> [TASK TO COMPLETE]:
Keep the images out while you set down the data exactly.

──────── DATASET EXCERPT

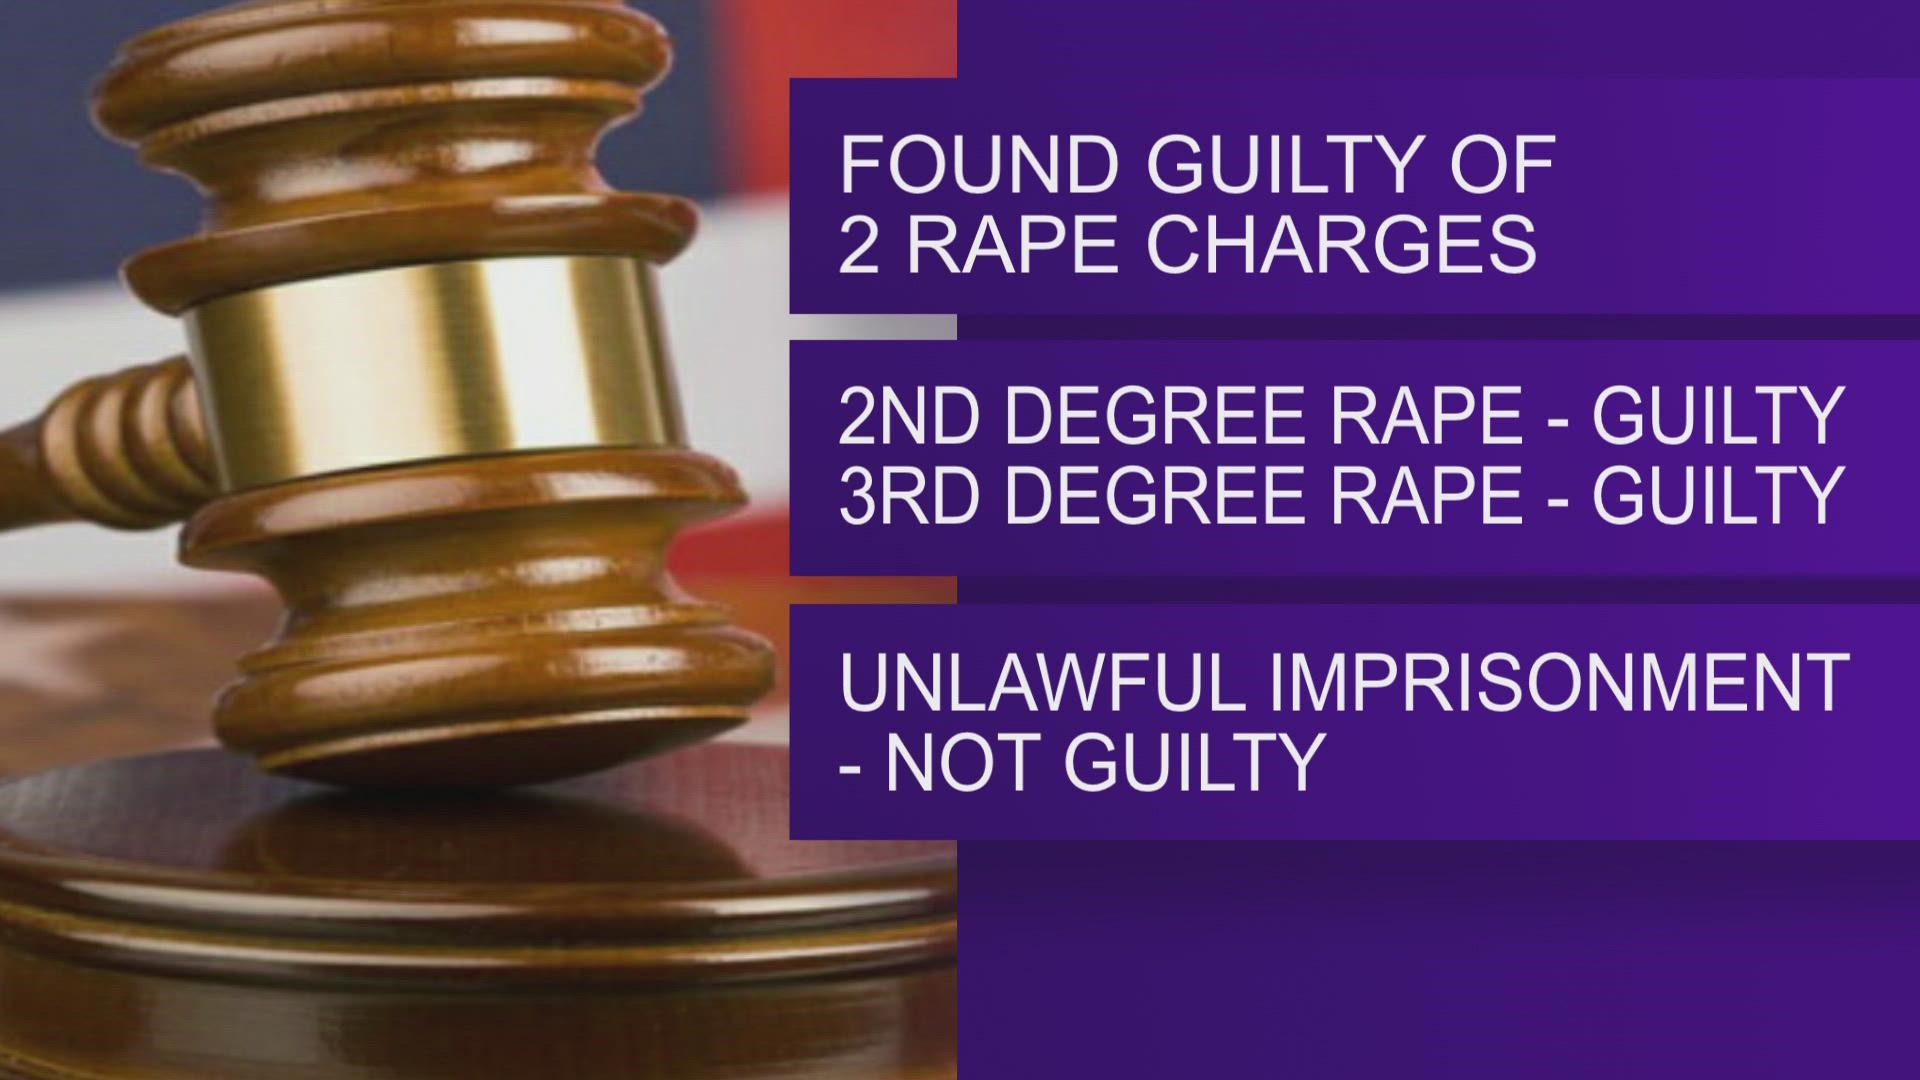 Nash was found guilty of second and third-degree rape on Tuesday evening. He was found not guilty of unlawful imprisonment.
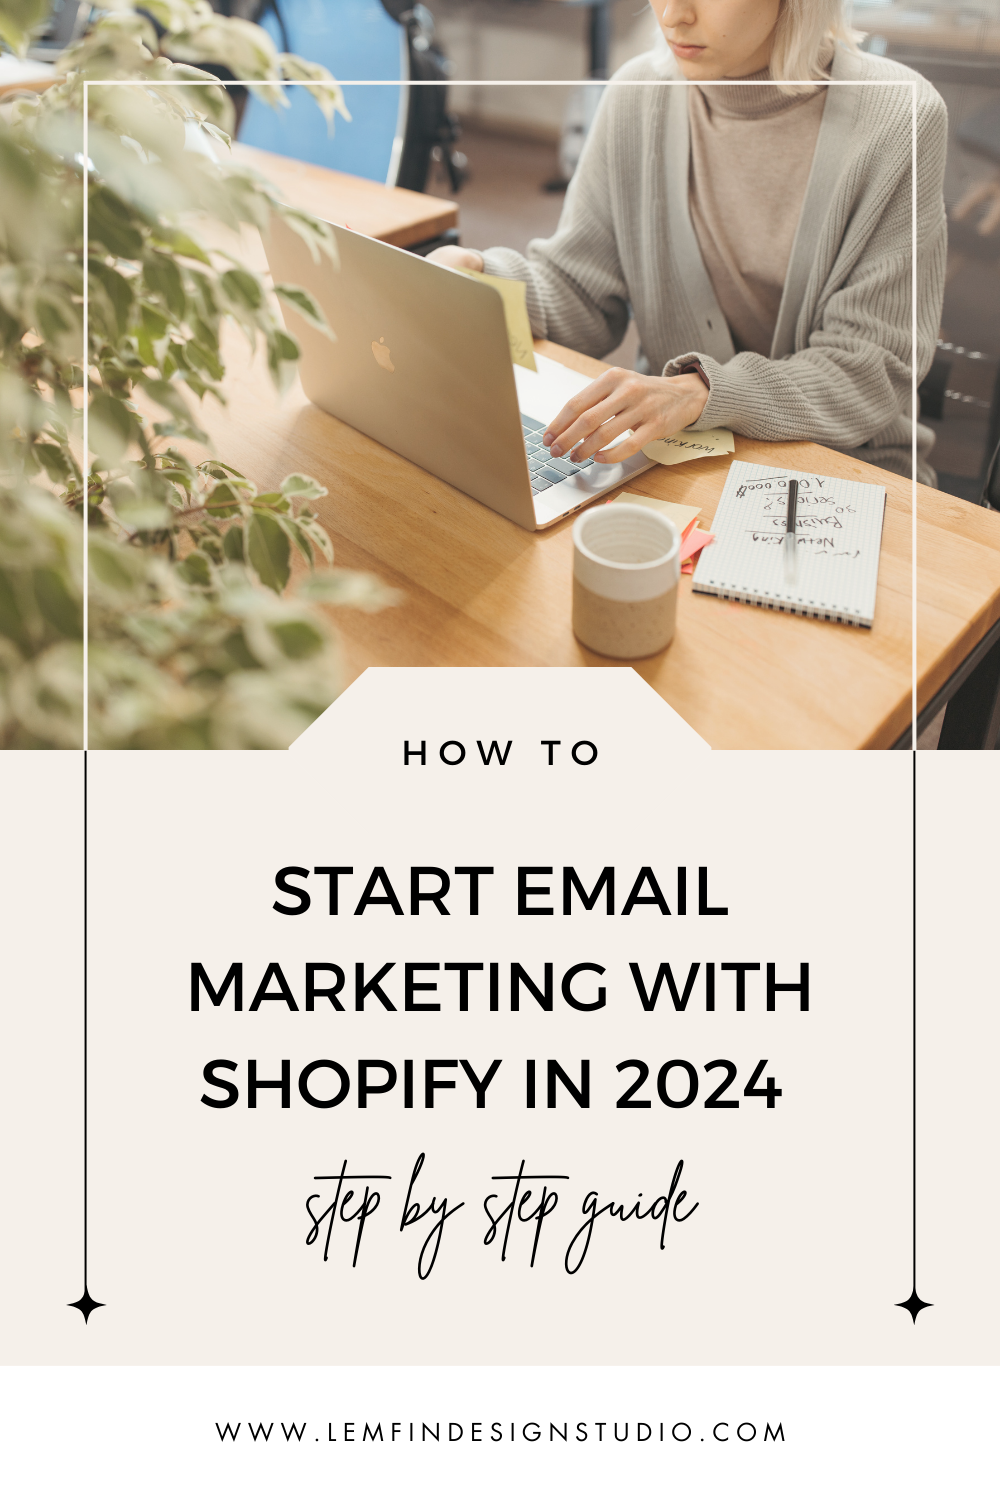 How to start email marketing with shopify in 2024 for artist and designers
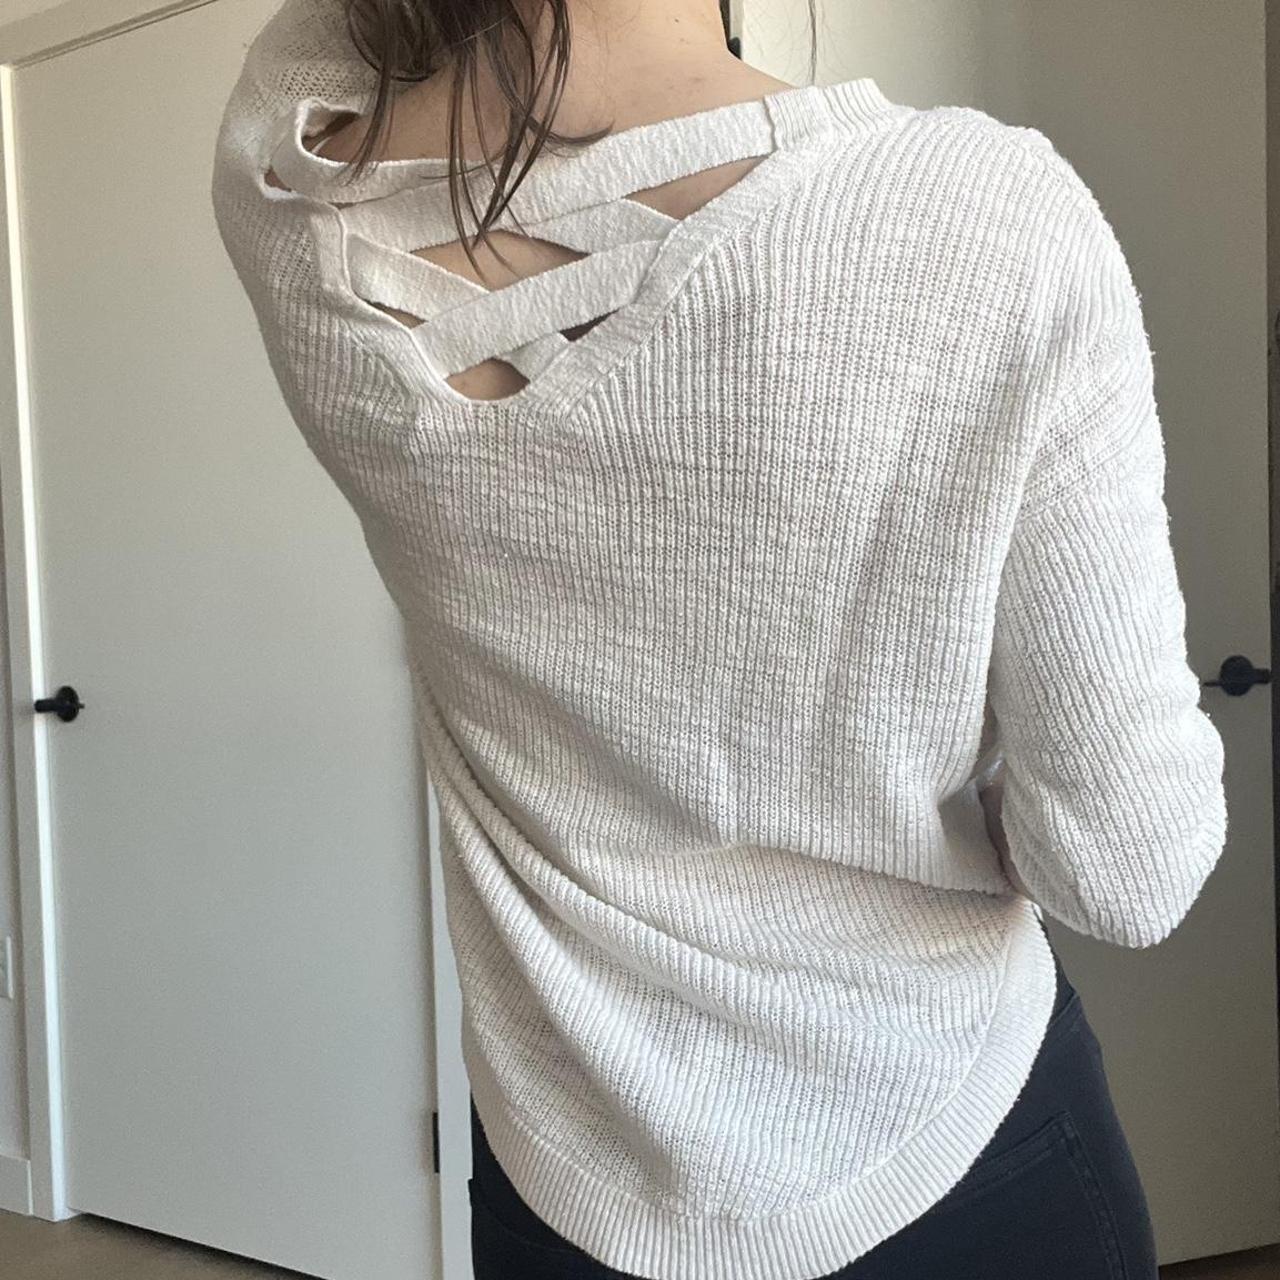 Product Image 2 - Express cream colored sweater with

────────────────

> [WRITTEN ANSWER]:
 Nash was found guilty of second and third-degree rape on Tuesday evening. He was found not guilty of unlawful imprisonment.
 How to start email marketing with shopify in 2024 for artist and designers
 Product Image 2 - Express cream colored sweater with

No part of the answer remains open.